Is there a small-world in the small world of ants?
UMR 5263 CLLE (ERSS)
Last modified: December 19, 2007
How to measure the complexity of artificial simulation or ecosystem? How to know whether a simulation is more complex than another one? How to use simulation to understand self-organization?
This article presents a new approach to measure the complexity of artificial life simulation. To achieve that, one identifies in the simulation each parameter that seems relevant to measure simulation complexity and self-organization. During the simulation, the evolution of these parameters is used to build a graph. We analyze the evolution of the latter using four properties defining a small-world. These properties give the information about the rank of organization of the simulation.

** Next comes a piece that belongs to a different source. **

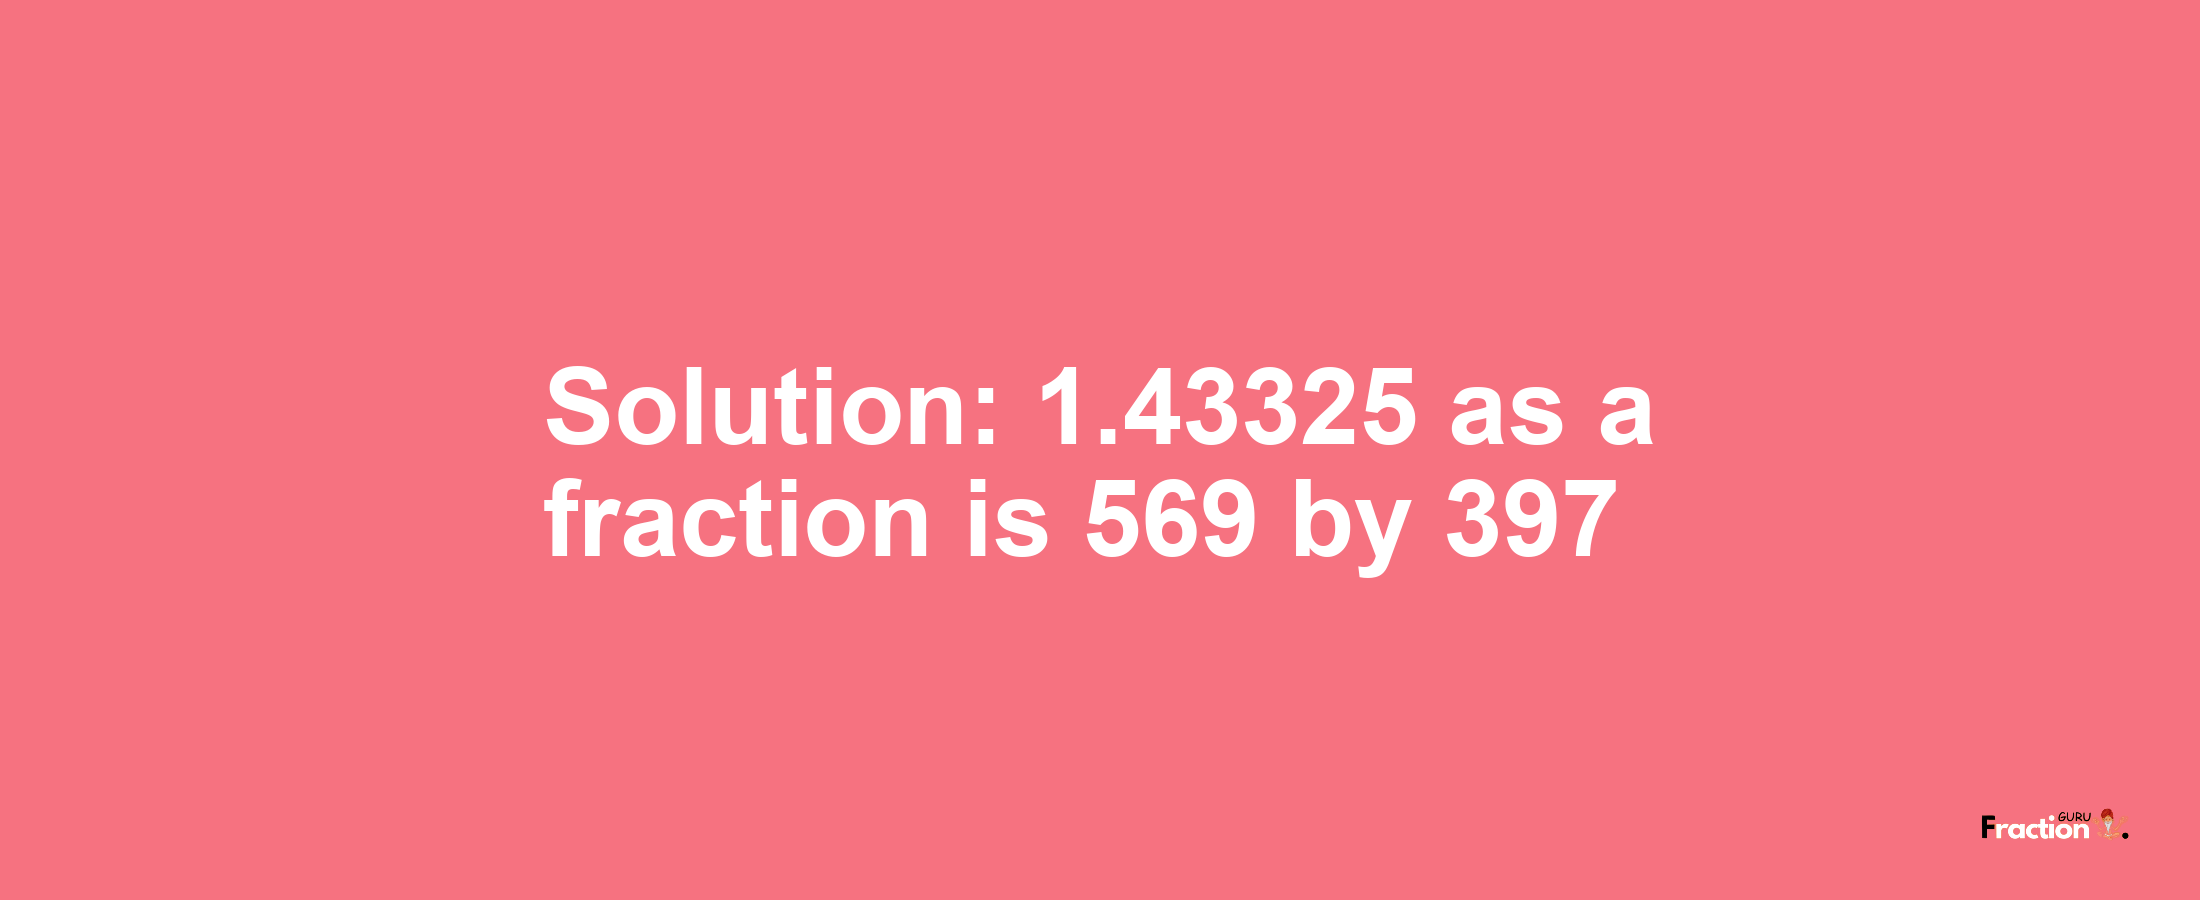 Solution:1.43325 as a fraction is 569/397
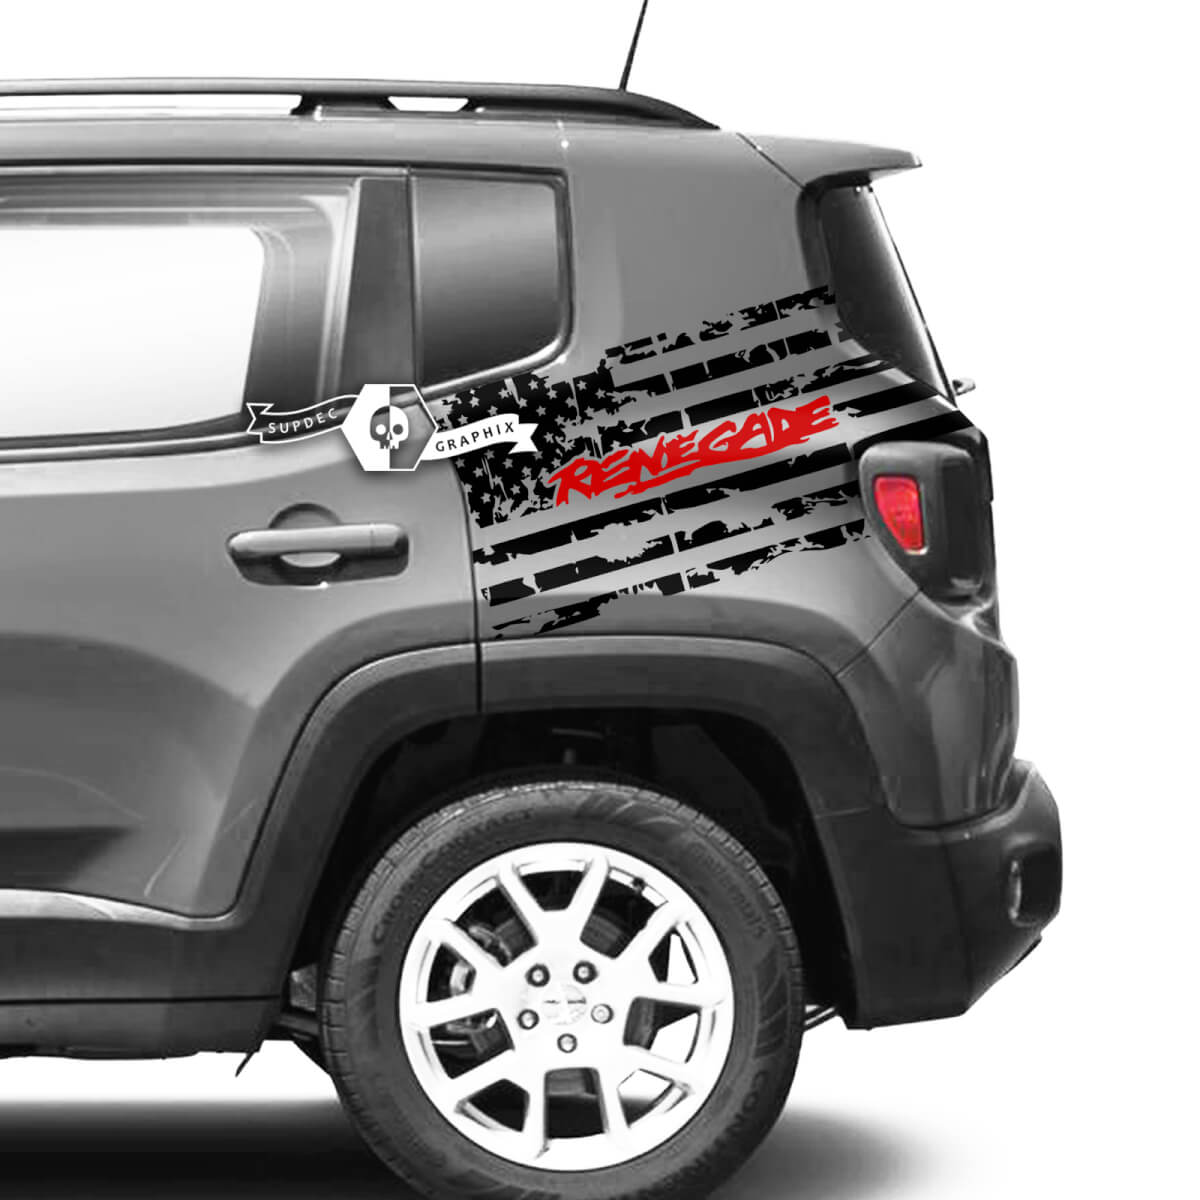 Pair Jeep Renegade Rear Fender USA Flag Destroyed Graphic Vinyl Decal Sticker 2 Colors

In the results, we give many examples where it is possible to apply this method and we explain a successful application on an ant simulation. We compare different ant simulations with different parameters and we compare their evolutions and the different complexity thanks to properties of small-worlds. Producing small-worlds with all their properties is a difficult problem for generally the data come from the real life. This study also emphasizes that those ant simulations are an alternative method to produce randomly generated small-worlds.
These artificial small-worlds are interesting and could be compare to real small-worlds and help us to understand the complexity of the self-organization. In perspective, it could be interesting to see if we can establish some relations between the information theory and the properties of the small-worlds for a similar simulation.